# Garlits AA/FD Dragster



## scottnkat (May 11, 2006)

What can I say? Old Coyote's builds inspired me to try my hand at a dragster. Here's the Revell Garlits AA/FD dragster. I removed most all of the chrome and re-did the parts in varying shades of Alclad. I used ribbon and sheet styrene to make the seatbelts. The box was missing one half of the transmission, so I made the other side of it out of resin. I also wired up the engine. Other than that, this was box-stock. 





































Here's the cockpit...










...and the engine



















One last pic


----------



## Old Coyote (May 8, 2013)

Great build Scott ........... I love it (even though I'm not a Garlits fan) ........... if that's your first dragster I'm very impressed ........... shows your modeling talents are off the scale ............... very nicely done sir :thumbsup::thumbsup::thumbsup:


----------



## DOM-19 (Mar 12, 2002)

*Dom-19*

Scott that blower belt look,s like the real thing --dom


----------



## -Hemi- (May 5, 2014)

Scott, NICE WORK man. thats given "Big Daddy" credit in a model build! I bet Don himself would approve! 

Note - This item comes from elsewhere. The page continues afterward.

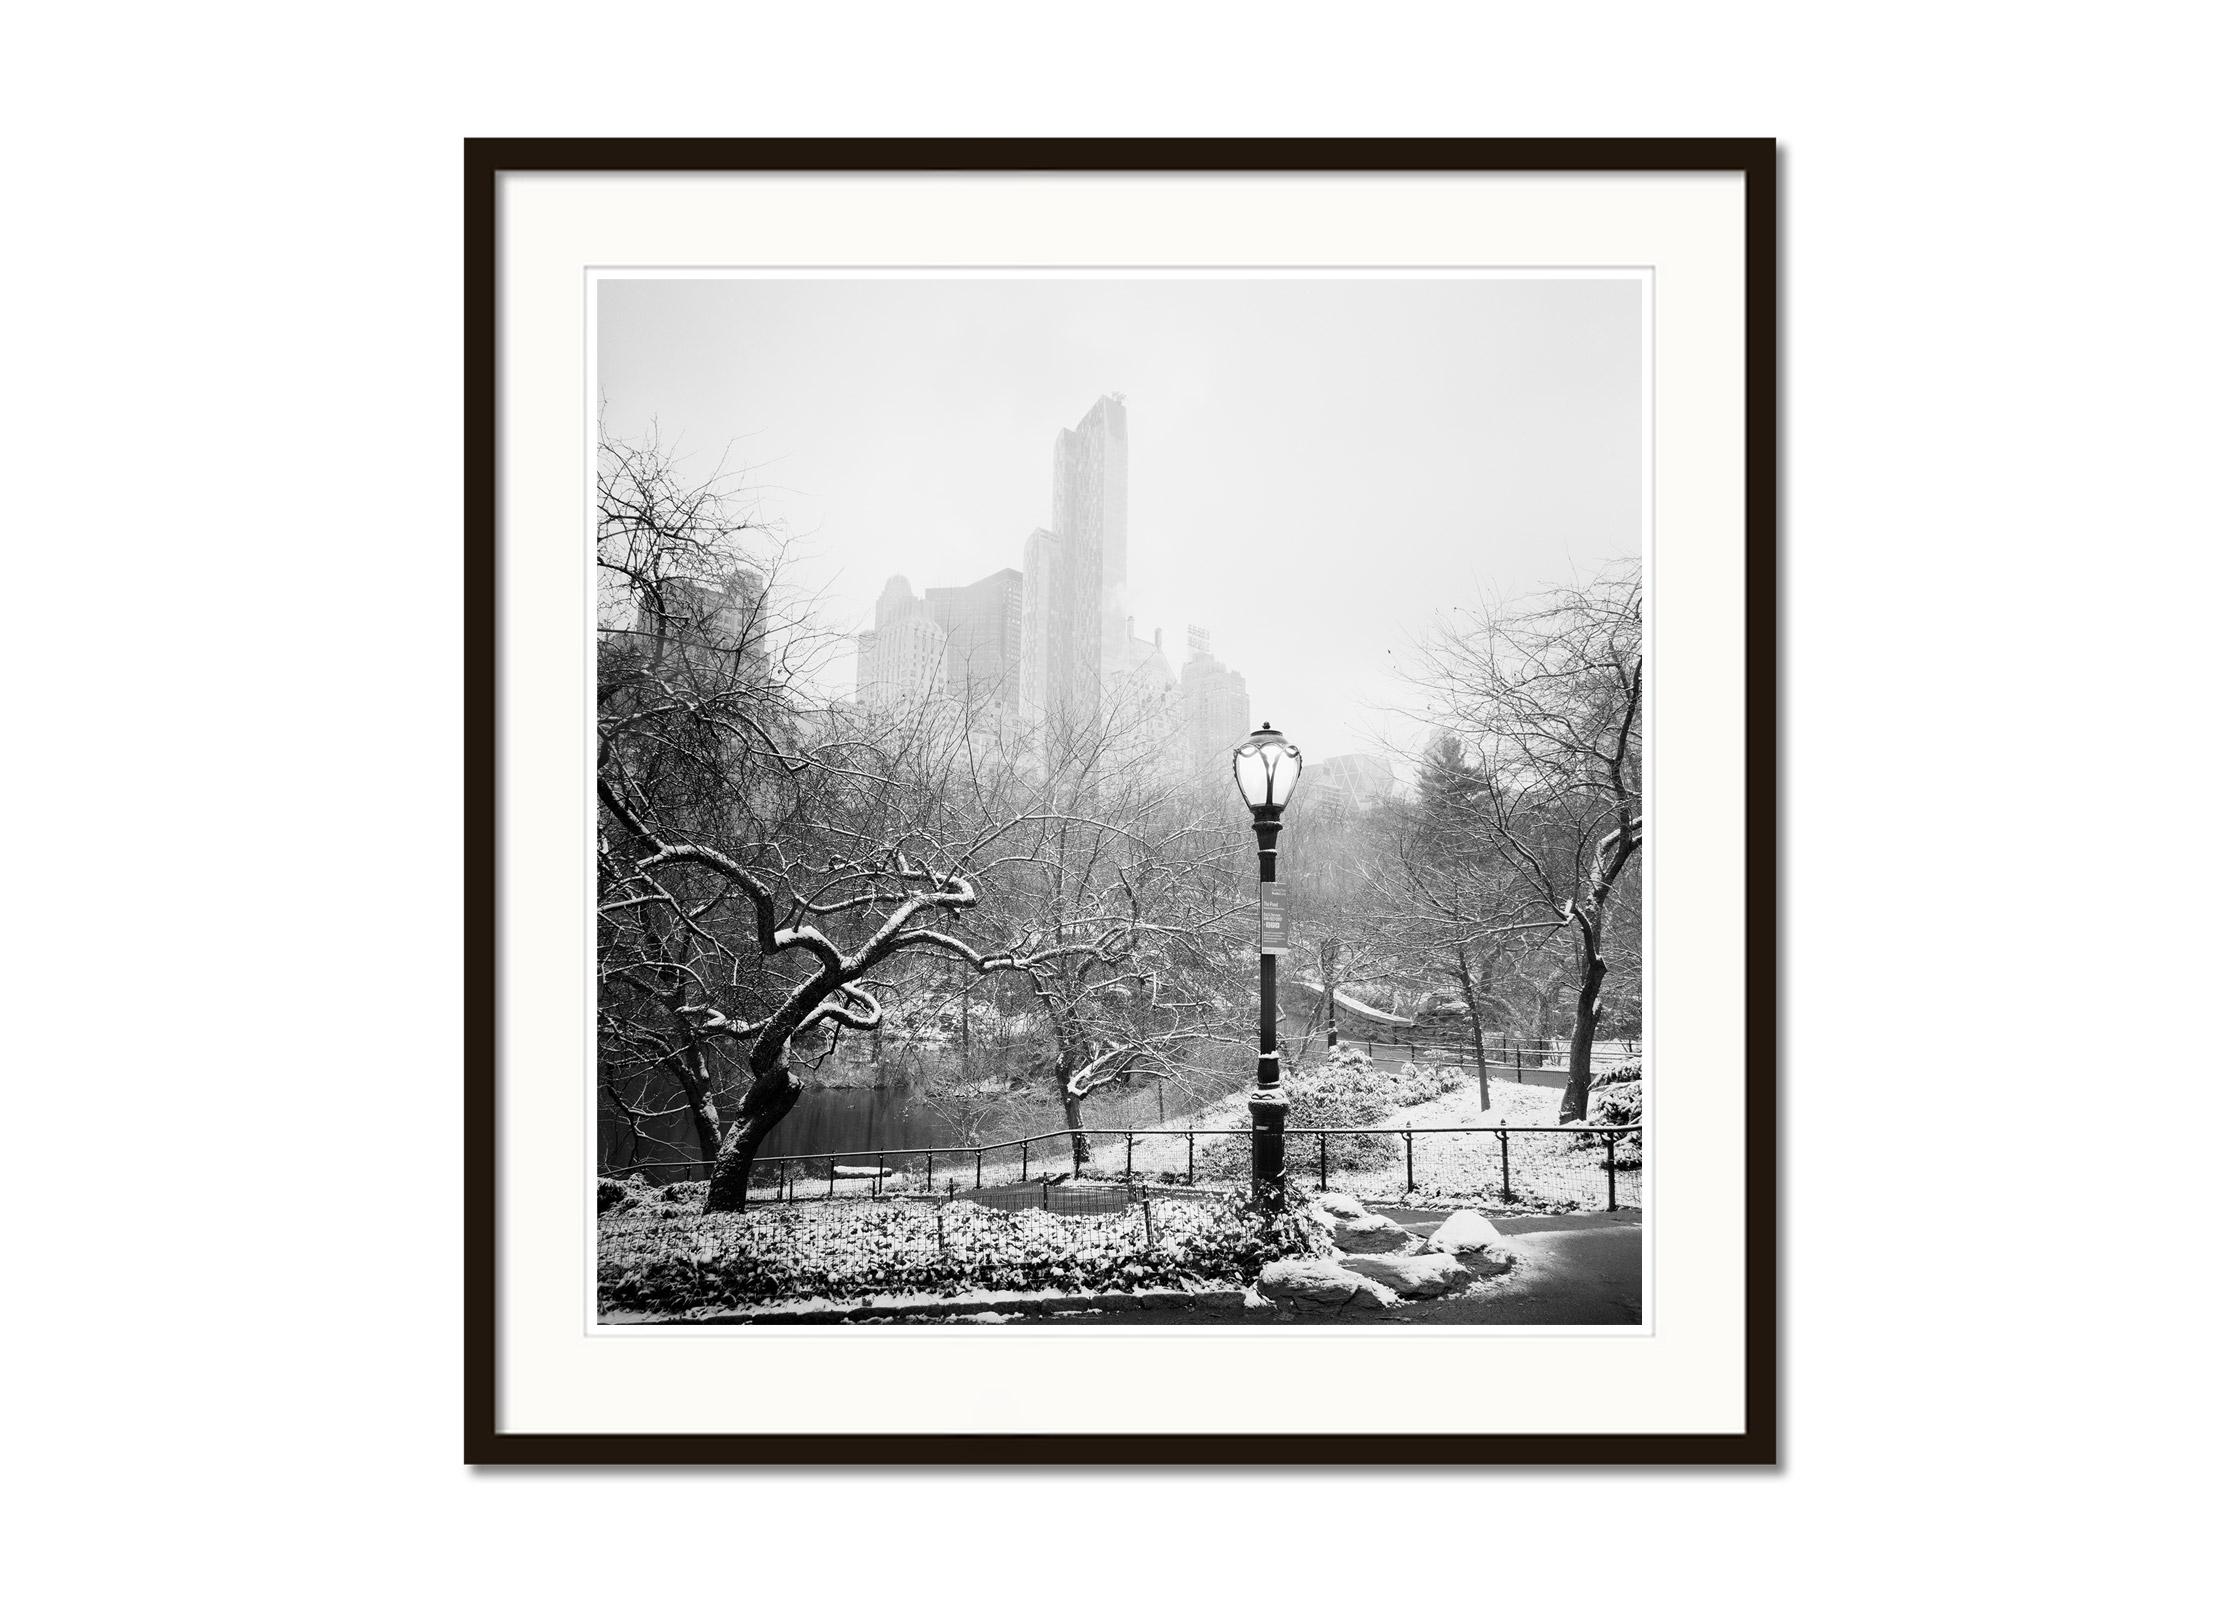 Schnee bedeckter Central Park, New York City, Schwarz-Weiß-Fotografie, Landschaft (Grau), Black and White Photograph, von Gerald Berghammer

You guys and the dragsters are getting to me! I want one like this and one for the "Mopar" rail dragster.......BOTH are on my to get list.....


----------



## scottnkat (May 11, 2006)

Thanks, guys. Yep, it's the only dragster in my collection right now, but I'm gonna have to do a few more. The one thing that I hated about this was the two-piece rear slicks. It was a pain getting the seams to not show. Thanks again.


----------



## SteveR (Aug 7, 2005)

Nice! Is this kit based on the old MPC molds or on a completely different tooling?


----------



## scottnkat (May 11, 2006)

Sorry, Steve, but I've no idea


----------